PROVIDED DATA below:
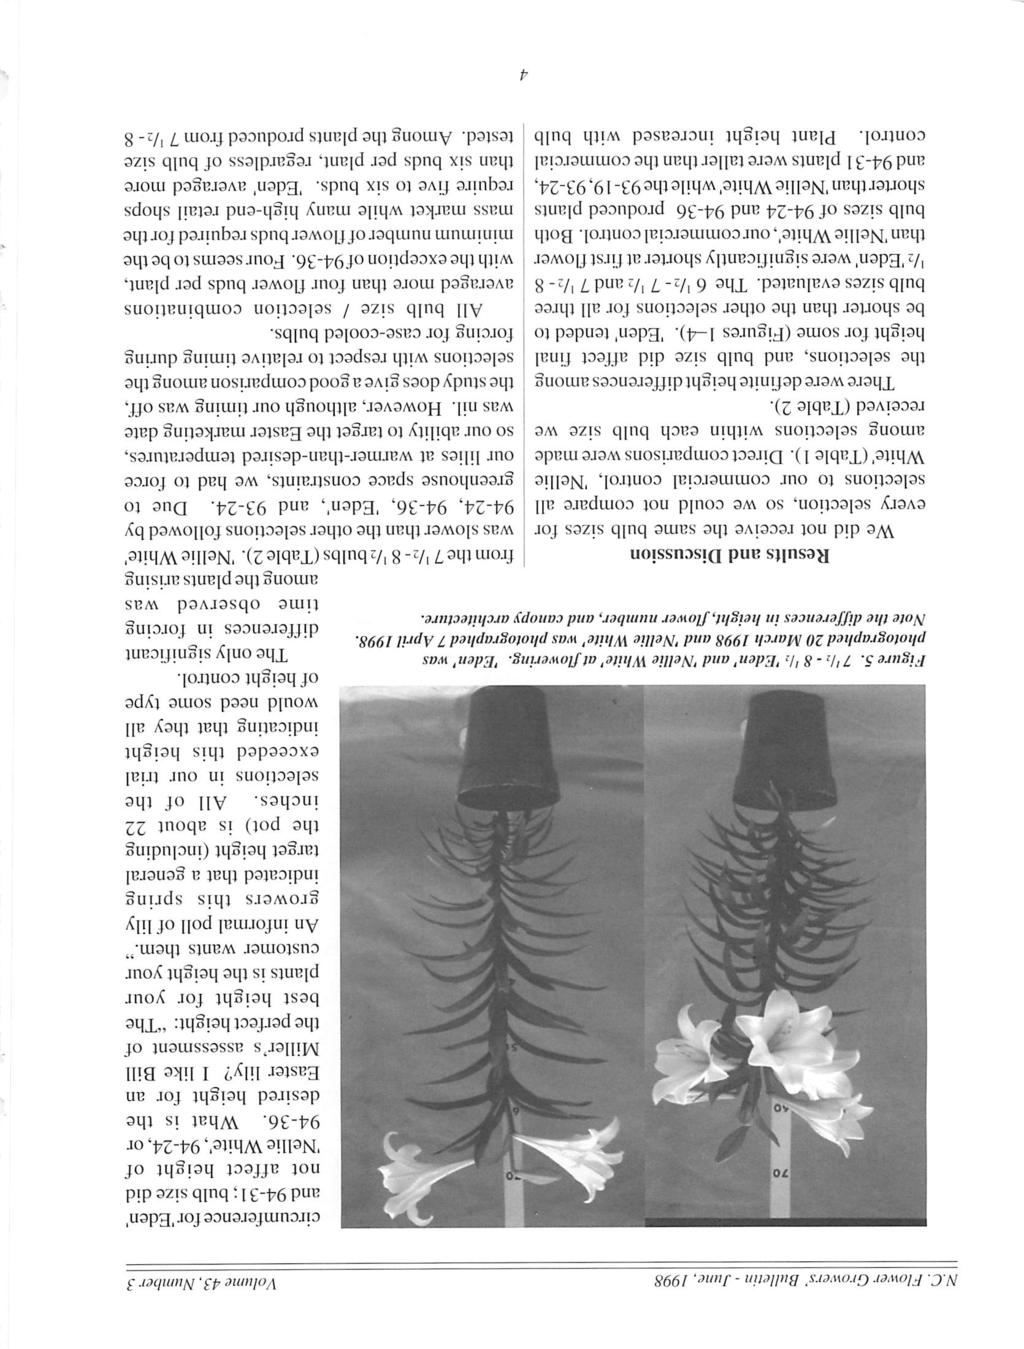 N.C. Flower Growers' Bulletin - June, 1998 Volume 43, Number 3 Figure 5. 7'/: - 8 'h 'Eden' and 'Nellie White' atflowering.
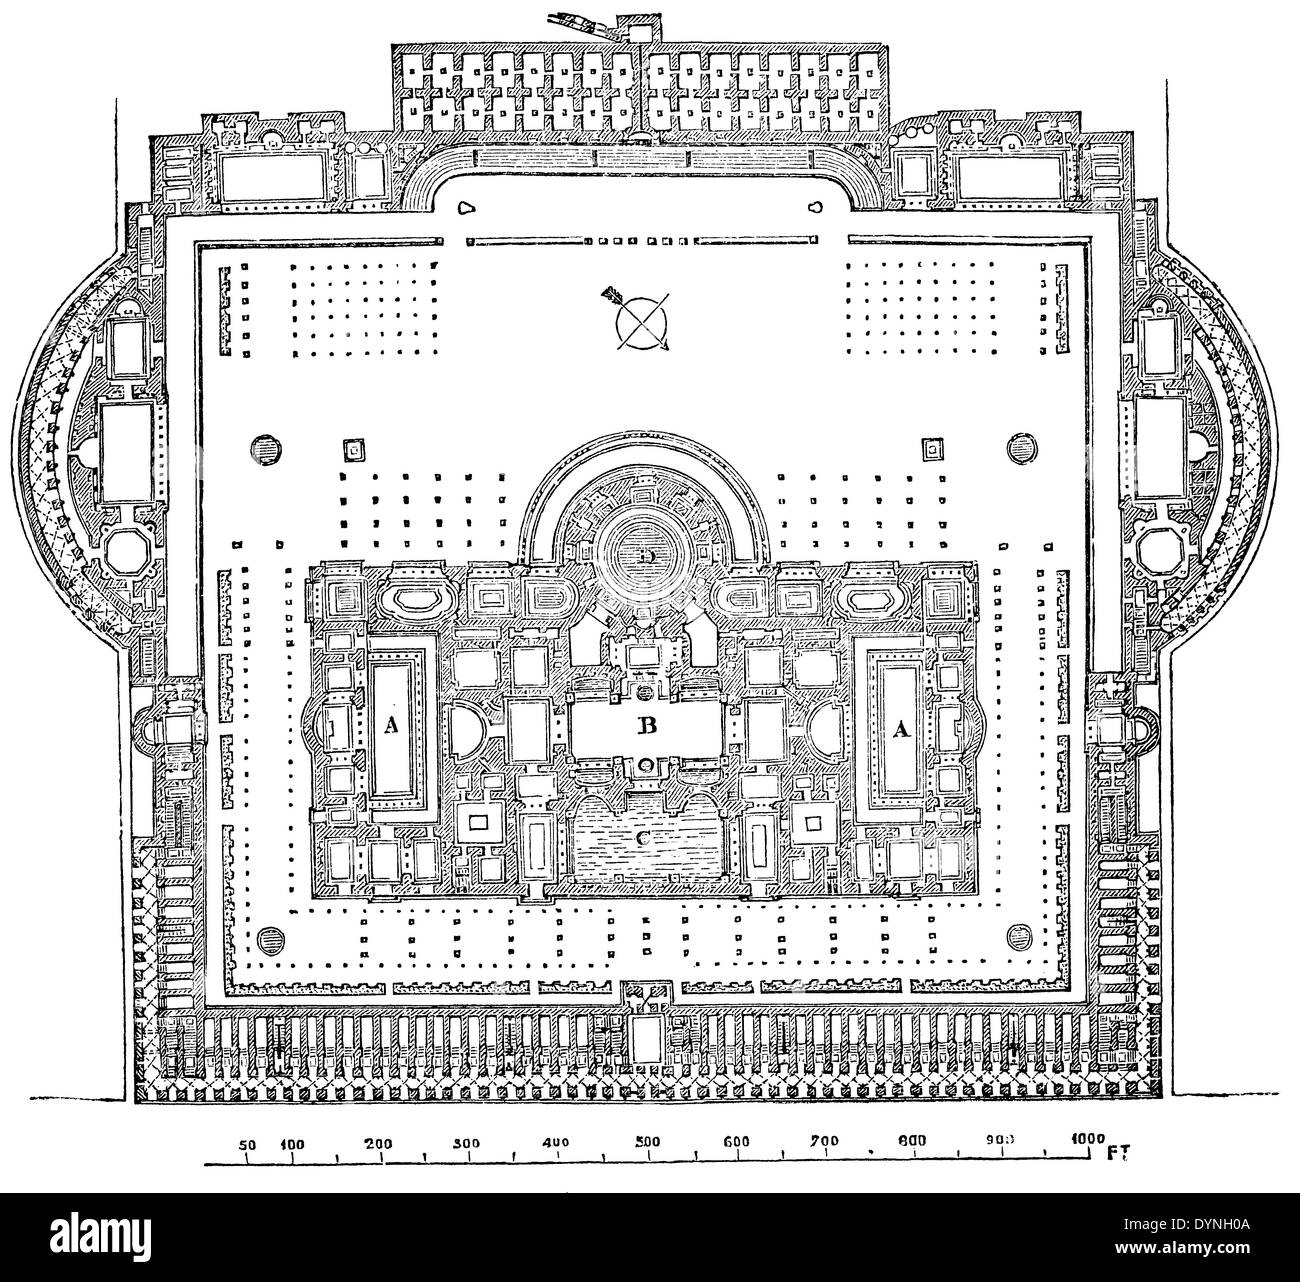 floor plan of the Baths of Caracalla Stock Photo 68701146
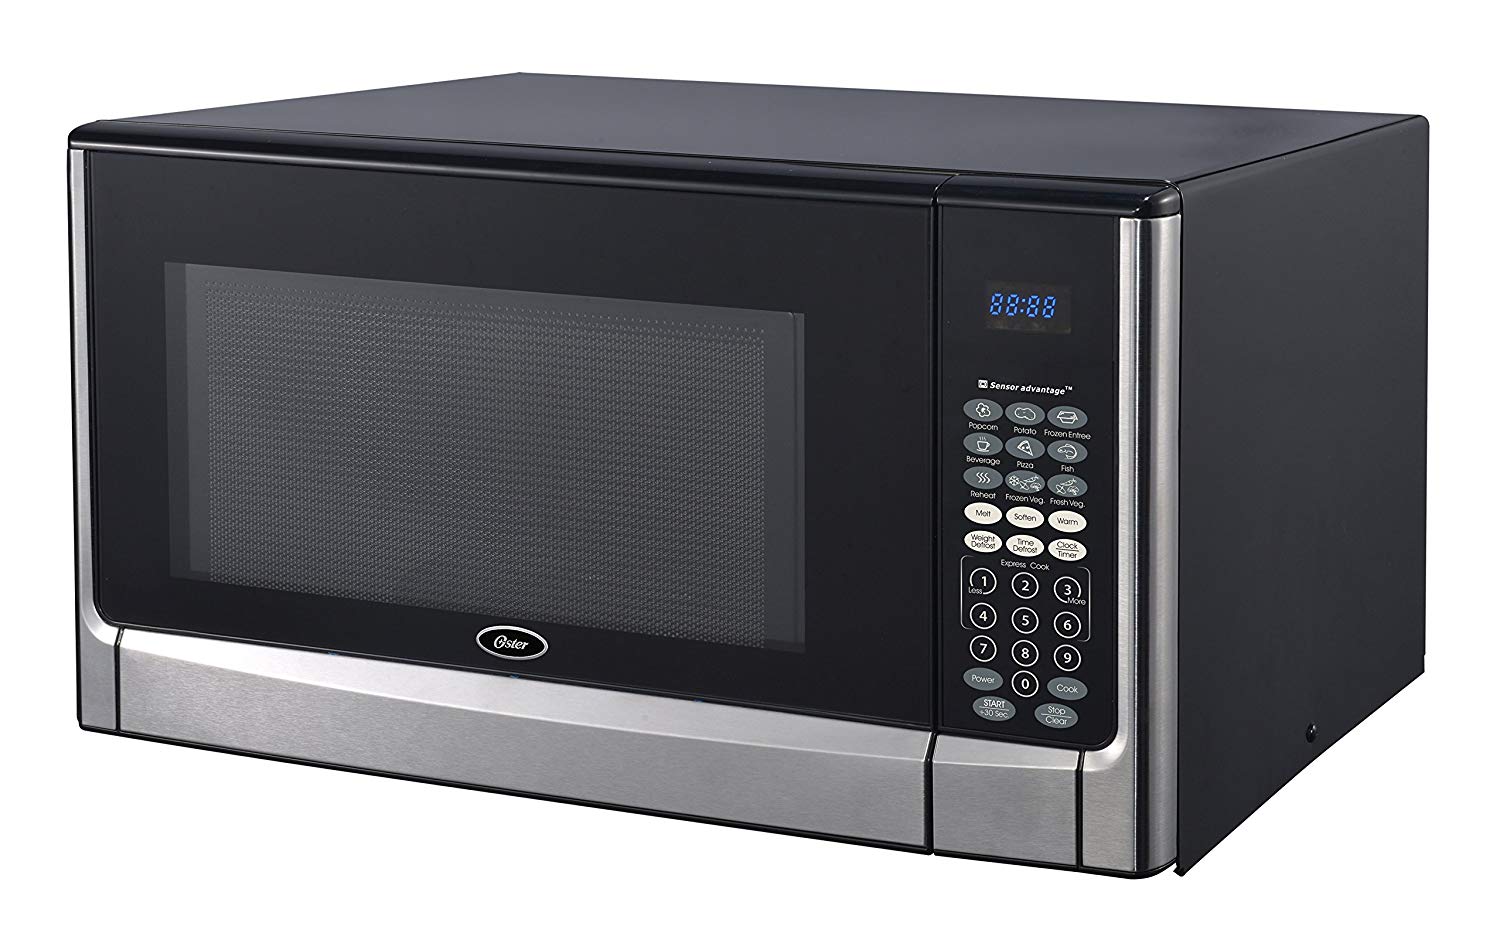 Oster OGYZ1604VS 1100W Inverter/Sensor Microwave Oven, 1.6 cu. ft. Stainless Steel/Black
End of PROVIDED DATA.
● EXERCISE GOAL
Since the listing holds pictures, return everything else in it exactly and omit those.

● OUTPUT OF THE EXERCISE
 N.C. Flower Growers' Bulletin - June, 1998 Volume 43, Number 3 Figure 5. 7'/: - 8 'h 'Eden' and 'Nellie White' atflowering.
 floor plan of the Baths of Caracalla Stock Photo 68701146
 Oster OGYZ1604VS 1100W Inverter/Sensor Microwave Oven, 1.6 cu. ft. Stainless Steel/Black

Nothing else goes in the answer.